WHAT THE TASK REQUIRES:
Before copying, find the line below that contains "black cocktail dress"; then return it and all later lines exactly, up to and including the final line, with no pictures.

EXERCISE DATA:
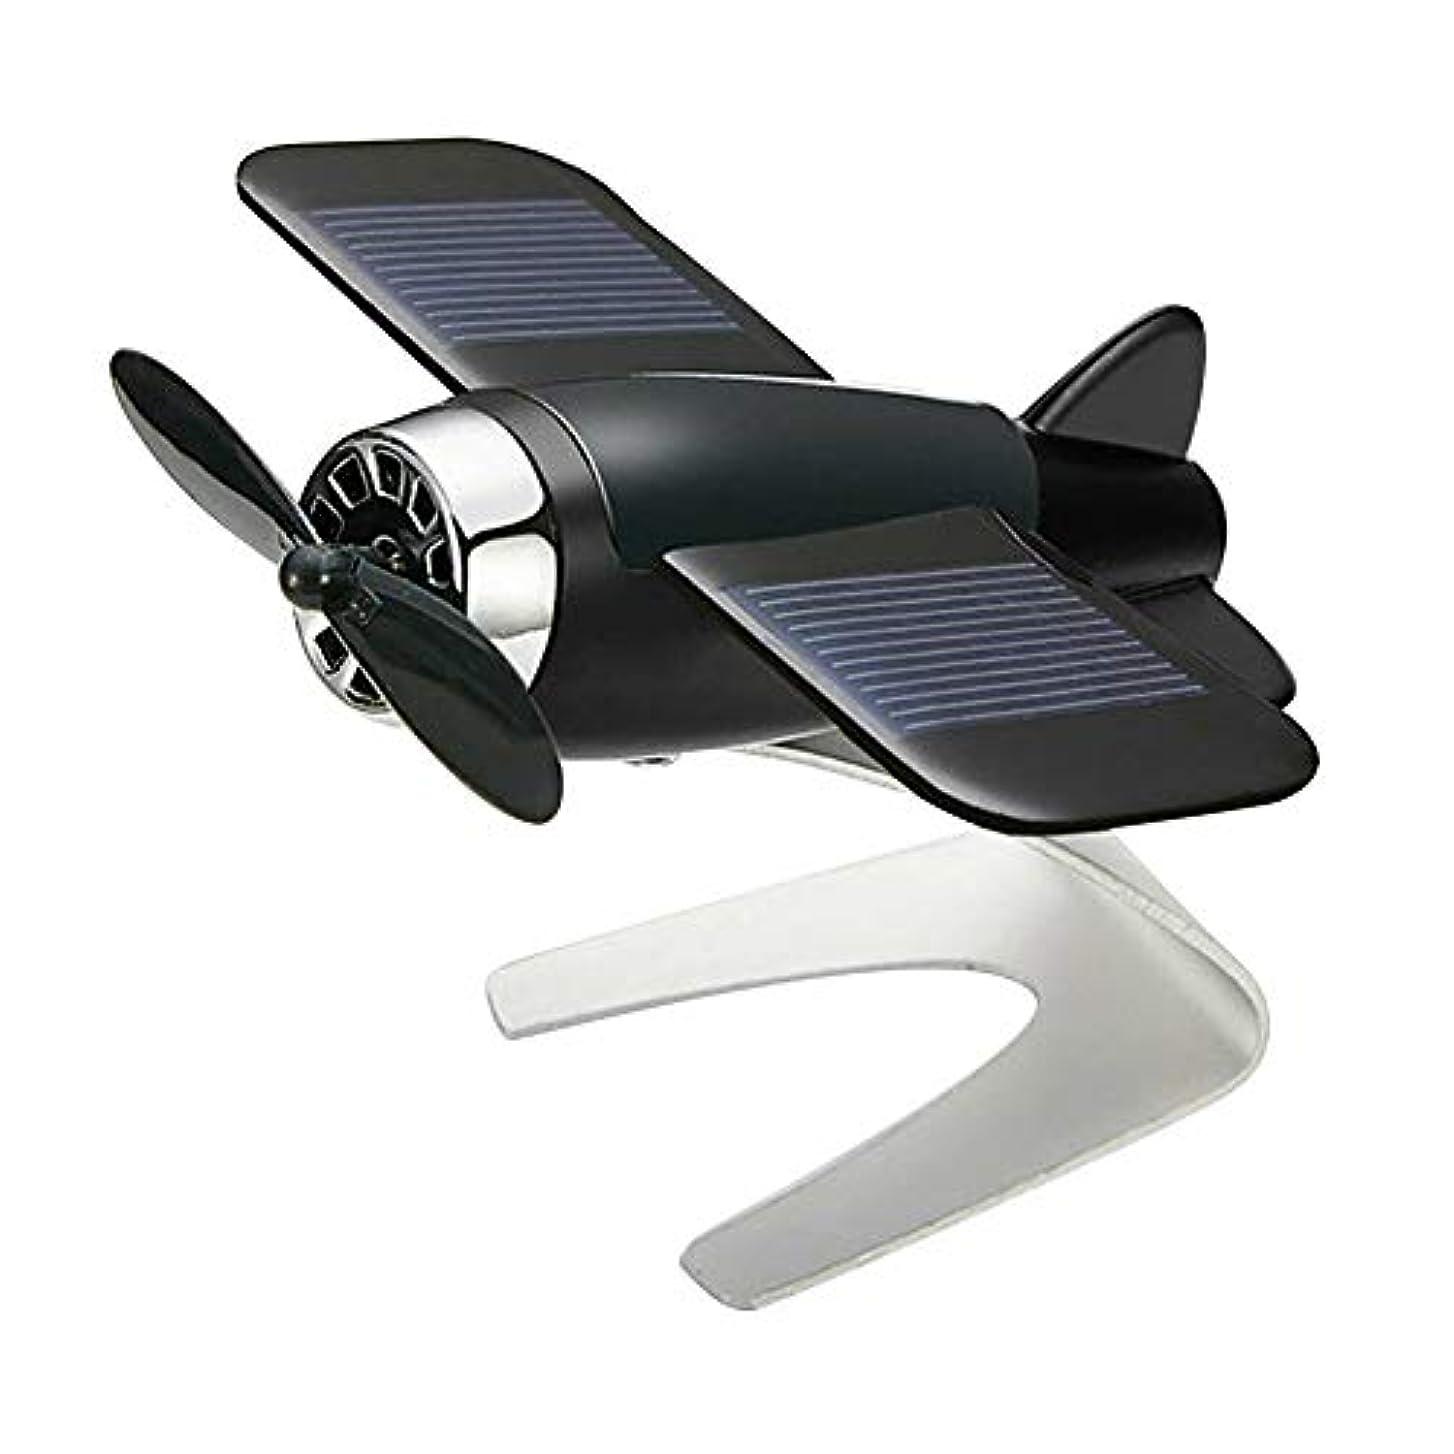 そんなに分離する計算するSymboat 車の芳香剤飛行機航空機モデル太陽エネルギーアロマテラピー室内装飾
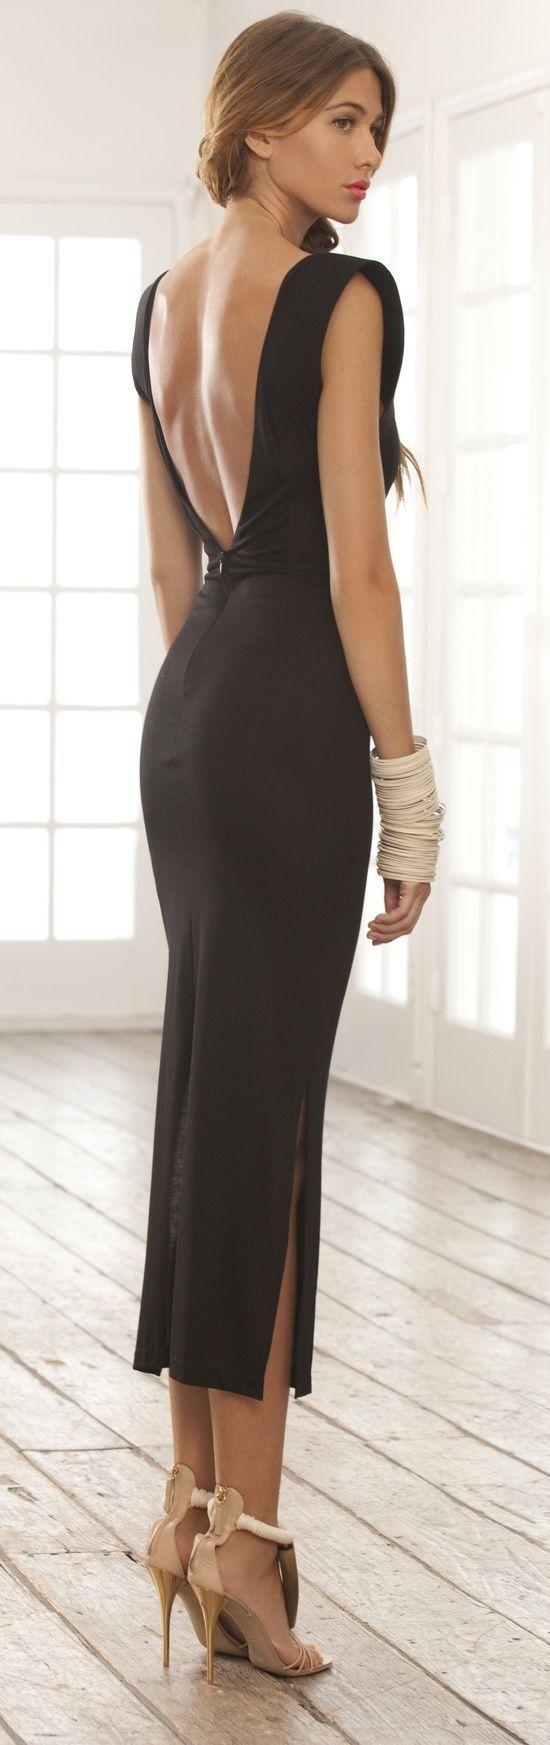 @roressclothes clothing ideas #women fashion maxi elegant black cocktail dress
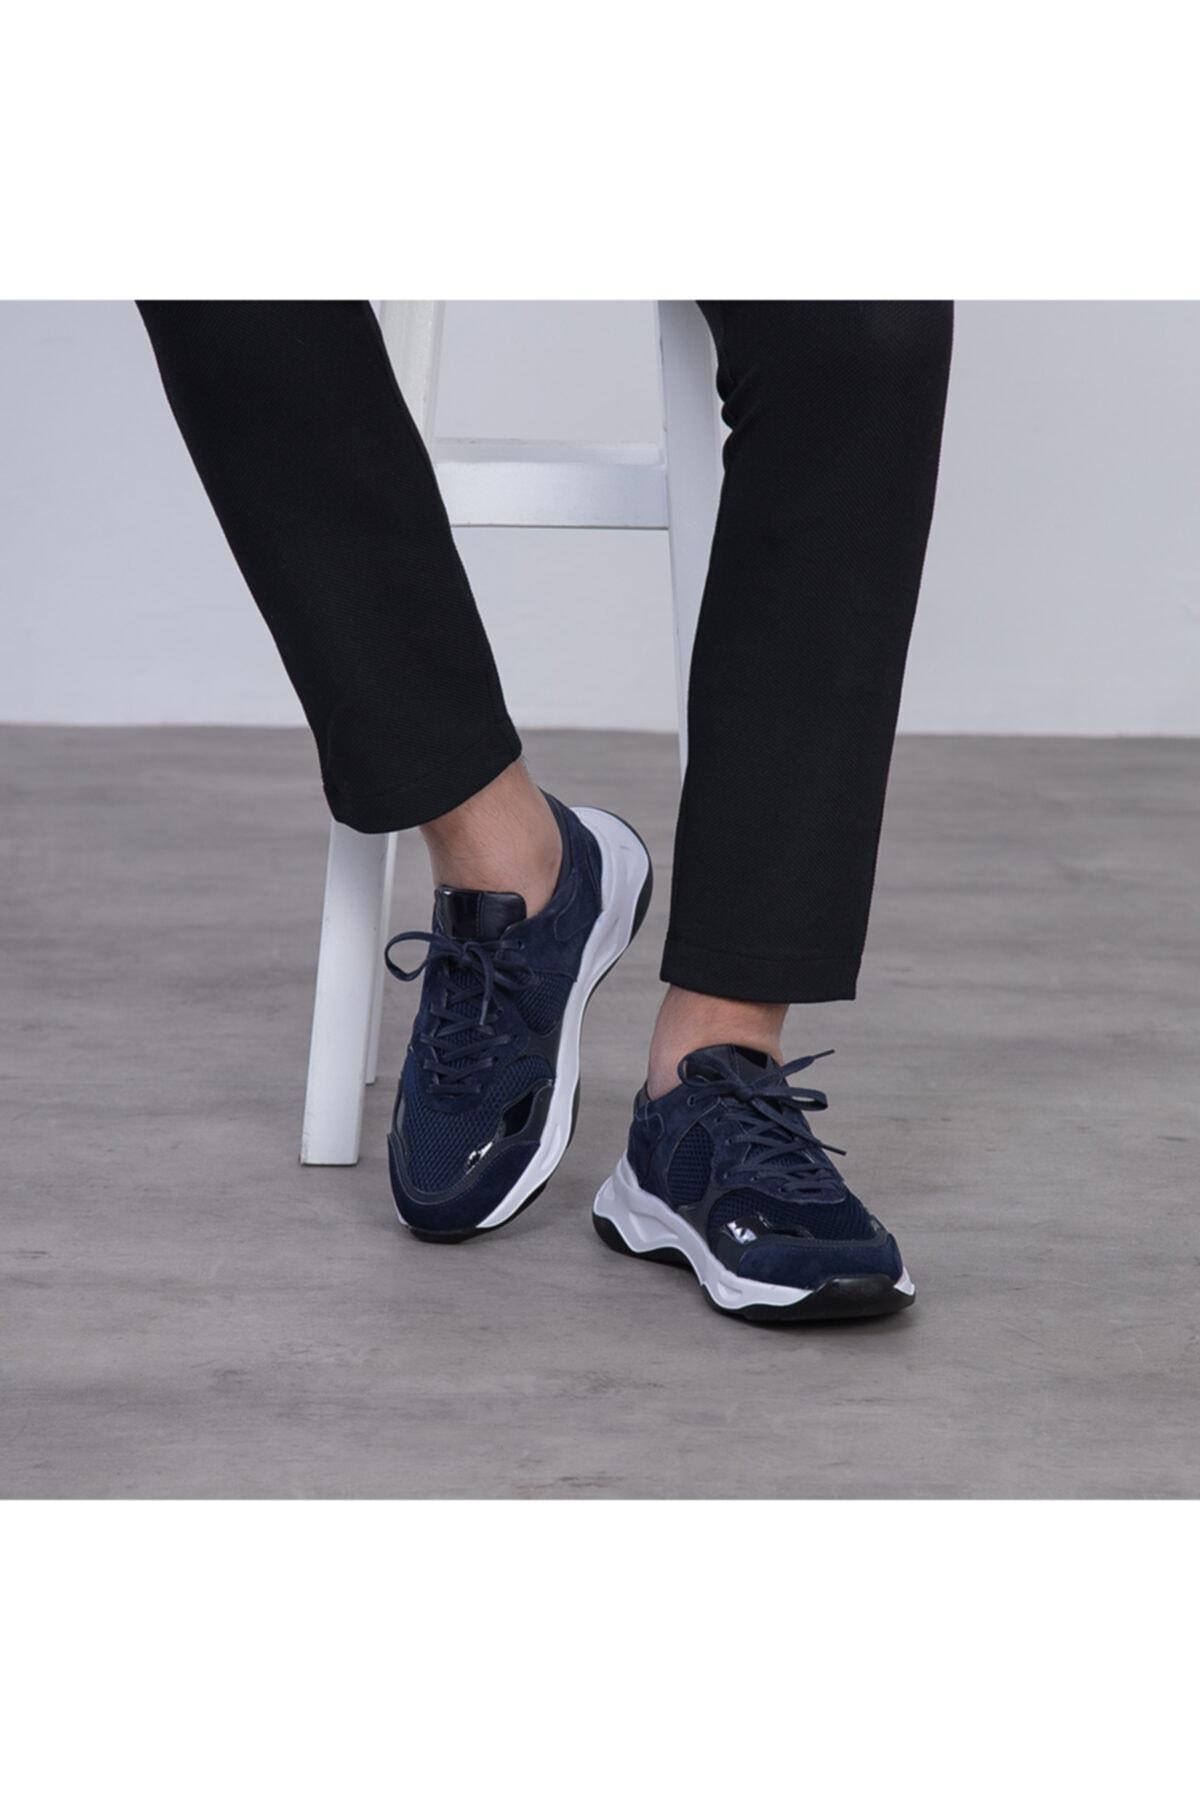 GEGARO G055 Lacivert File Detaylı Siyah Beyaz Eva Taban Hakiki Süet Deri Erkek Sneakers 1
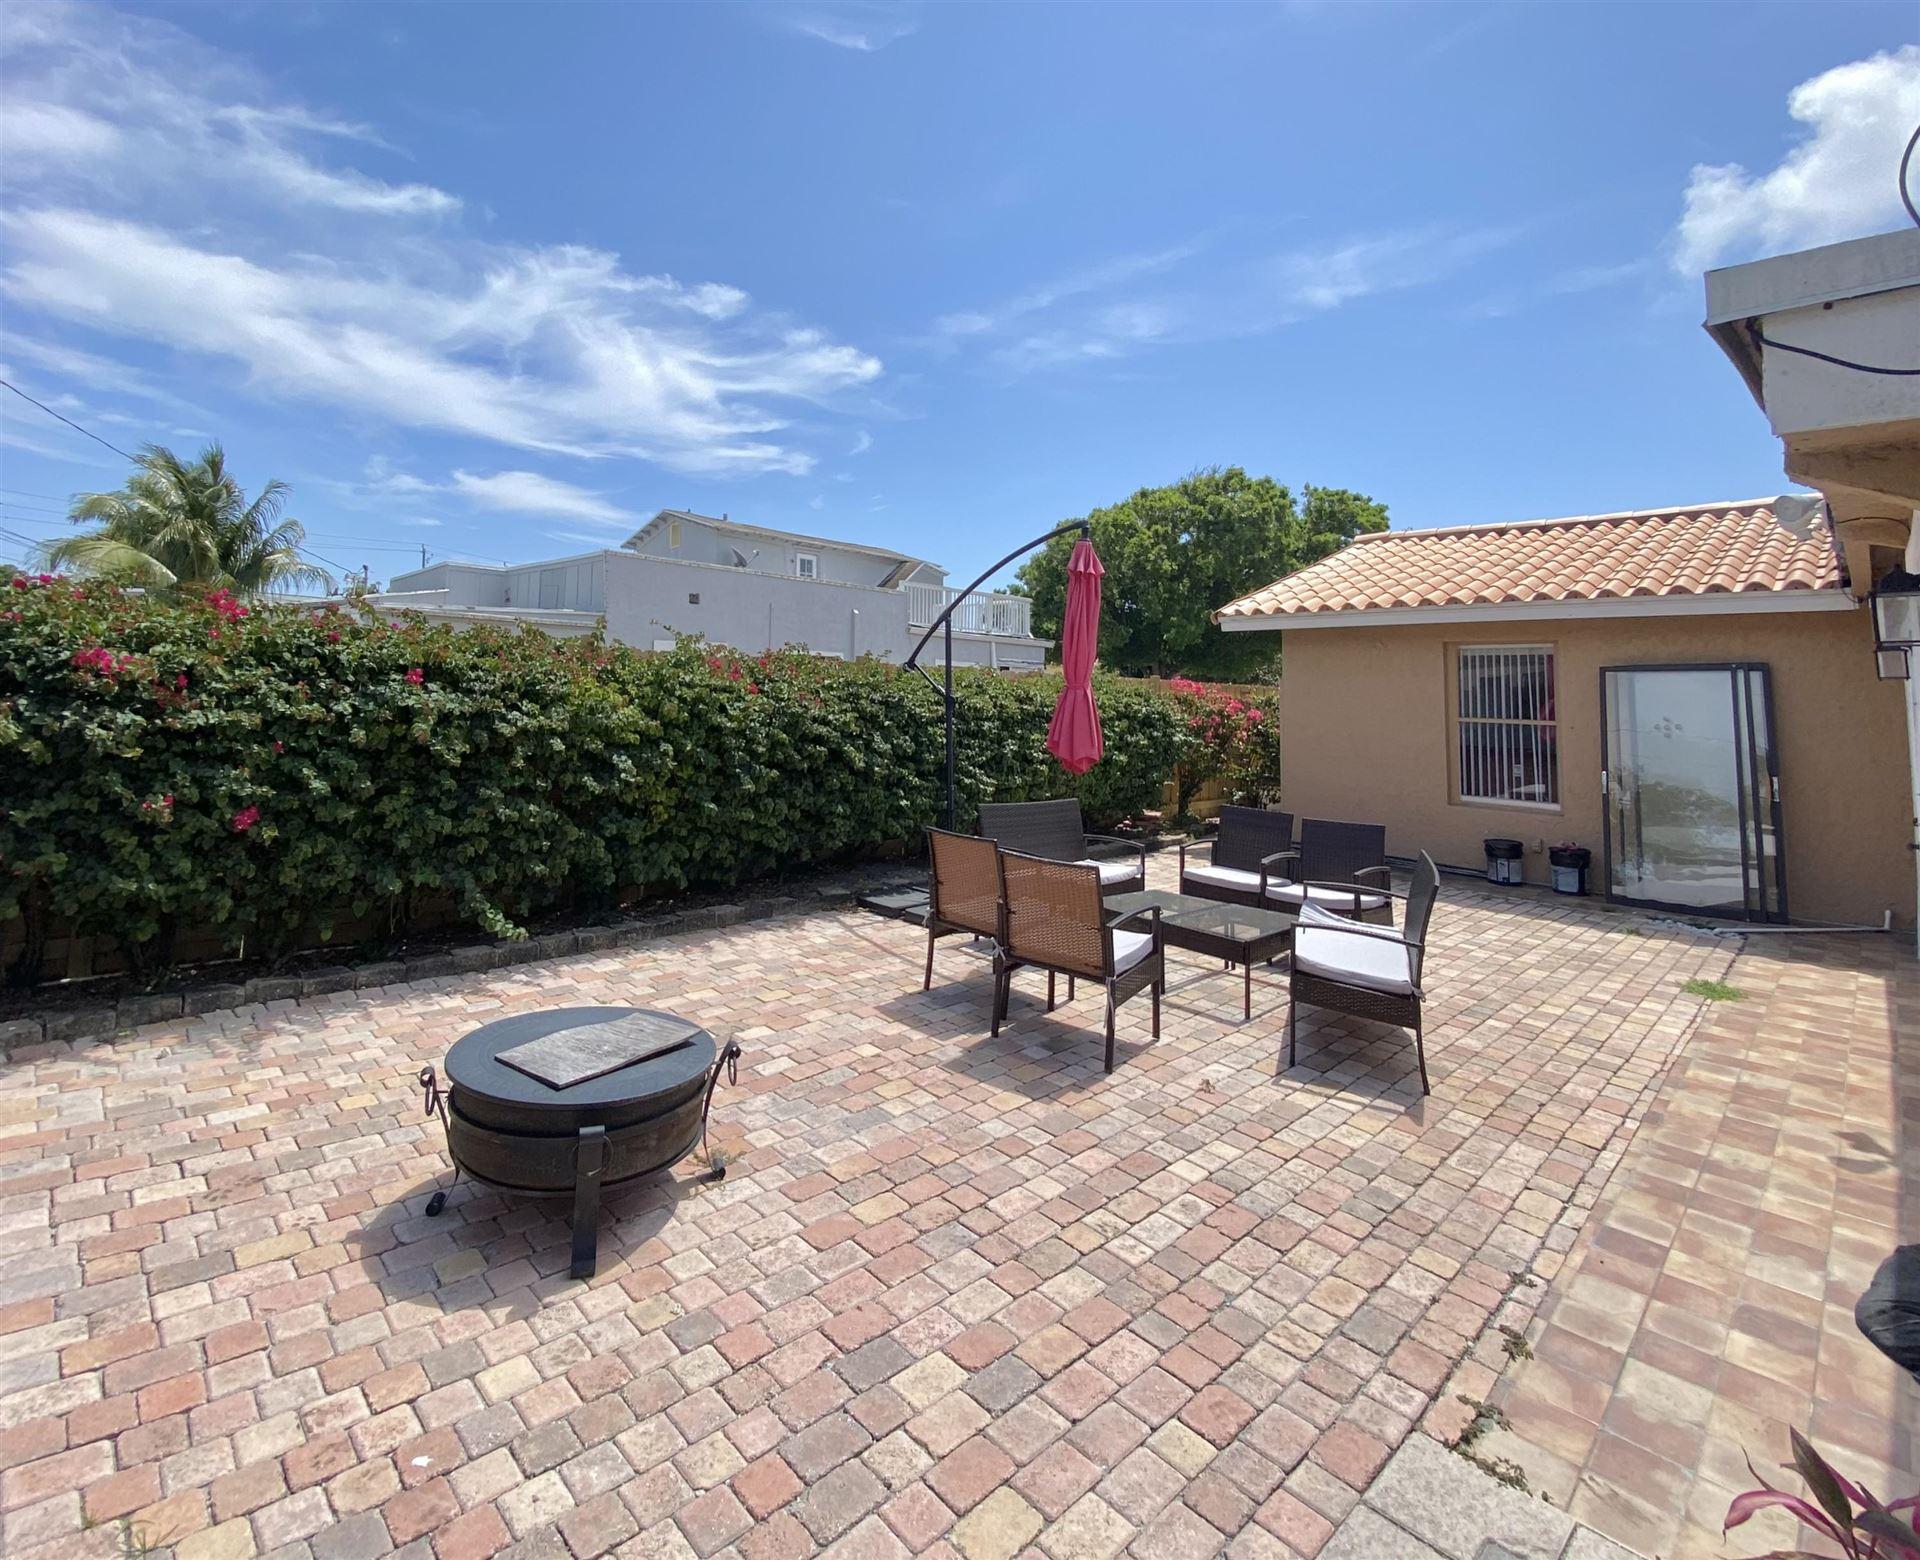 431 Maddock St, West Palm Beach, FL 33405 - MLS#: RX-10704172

RESULT OF THIS TASK:
 @roressclothes clothing ideas #women fashion maxi elegant black cocktail dress
 GEGARO G055 Lacivert File Detaylı Siyah Beyaz Eva Taban Hakiki Süet Deri Erkek Sneakers 1
 431 Maddock St, West Palm Beach, FL 33405 - MLS#: RX-10704172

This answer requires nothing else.